But then its also just requires disable/enable interrupts on UP which may
be cheaper than an atomic operation.

> For CPUs with load locked + store conditional, it is expensive.

Because it locks the bus? I am not that familiar with those architectures
but it seems that those will have a general problem anyways.

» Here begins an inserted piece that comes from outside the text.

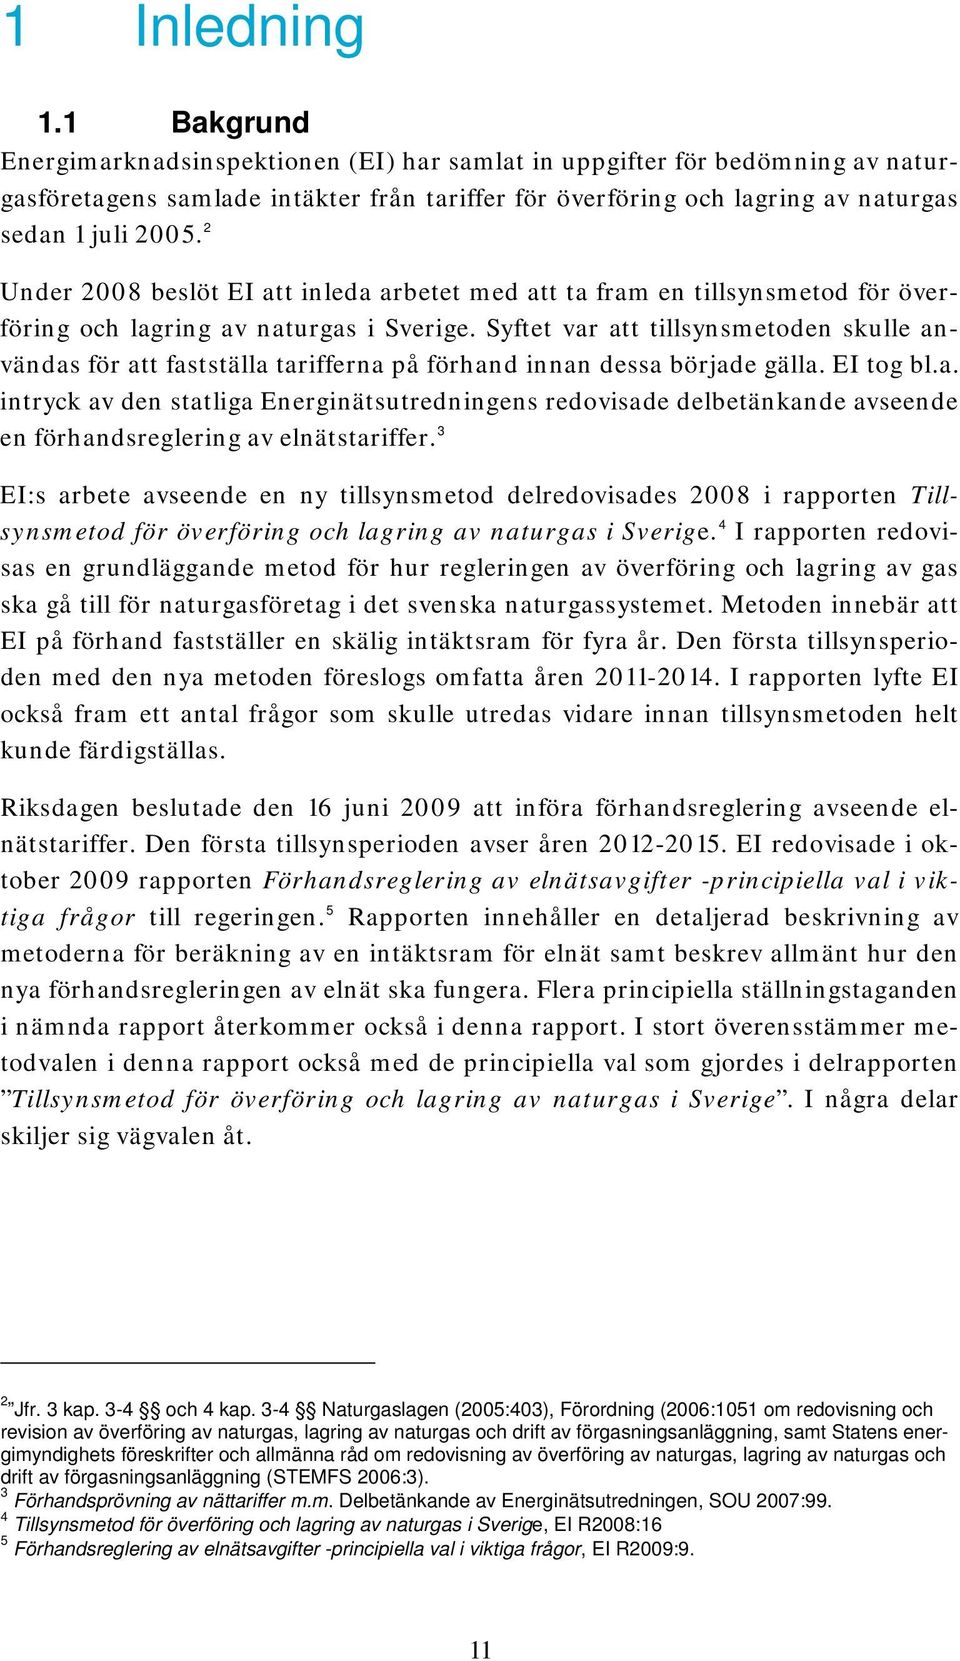 2 Under 2008 beslöt EI att inleda arbetet med att ta fram en tillsynsmetod för överföring och lagring av naturgas i Sverige.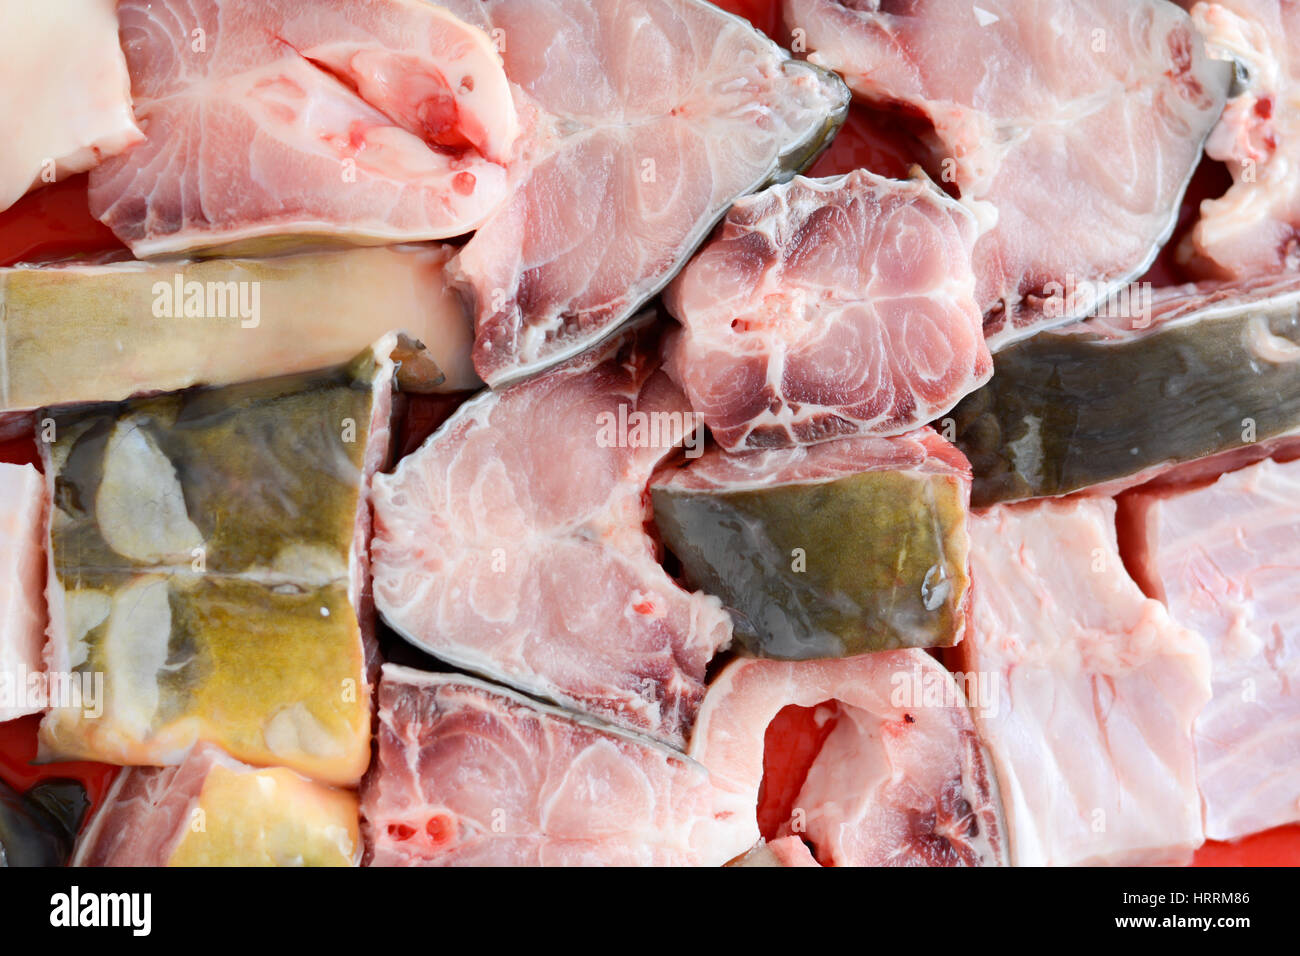 Picchetti di pesce sulla piastra pronta per essere coperto in briciole di pane e cotto shot da angolo superiore Foto Stock

> If you want an operation for performance critical portions of the
> kernel, please allow architecture maintainers the freedom to use their
> best performance enhancements.

And thereby denying the kernel developers to use a simple atomic SMP
operation? Adding additional defines for each arch and each performance
critical piece of kernel logic?

2006-12-06 19:26:51

by Matthew Wilcox

[permalink] [raw]
Subject: Re: [PATCH] WorkStruct: Implement generic UP cmpxchg() where an arch doesn't support it

On Wed, Dec 06, 2006 at 11:05:22AM -0800, Linus Torvalds wrote:
> On Wed, 6 Dec 2006, Christoph Lameter wrote:
> >
> > I'd really appreciate a cmpxchg that is generically available for
> > all arches. It will allow lockless implementation for various performance
> > criticial portions of the kernel.
>
> I suspect ARM may have been the last one without one, no?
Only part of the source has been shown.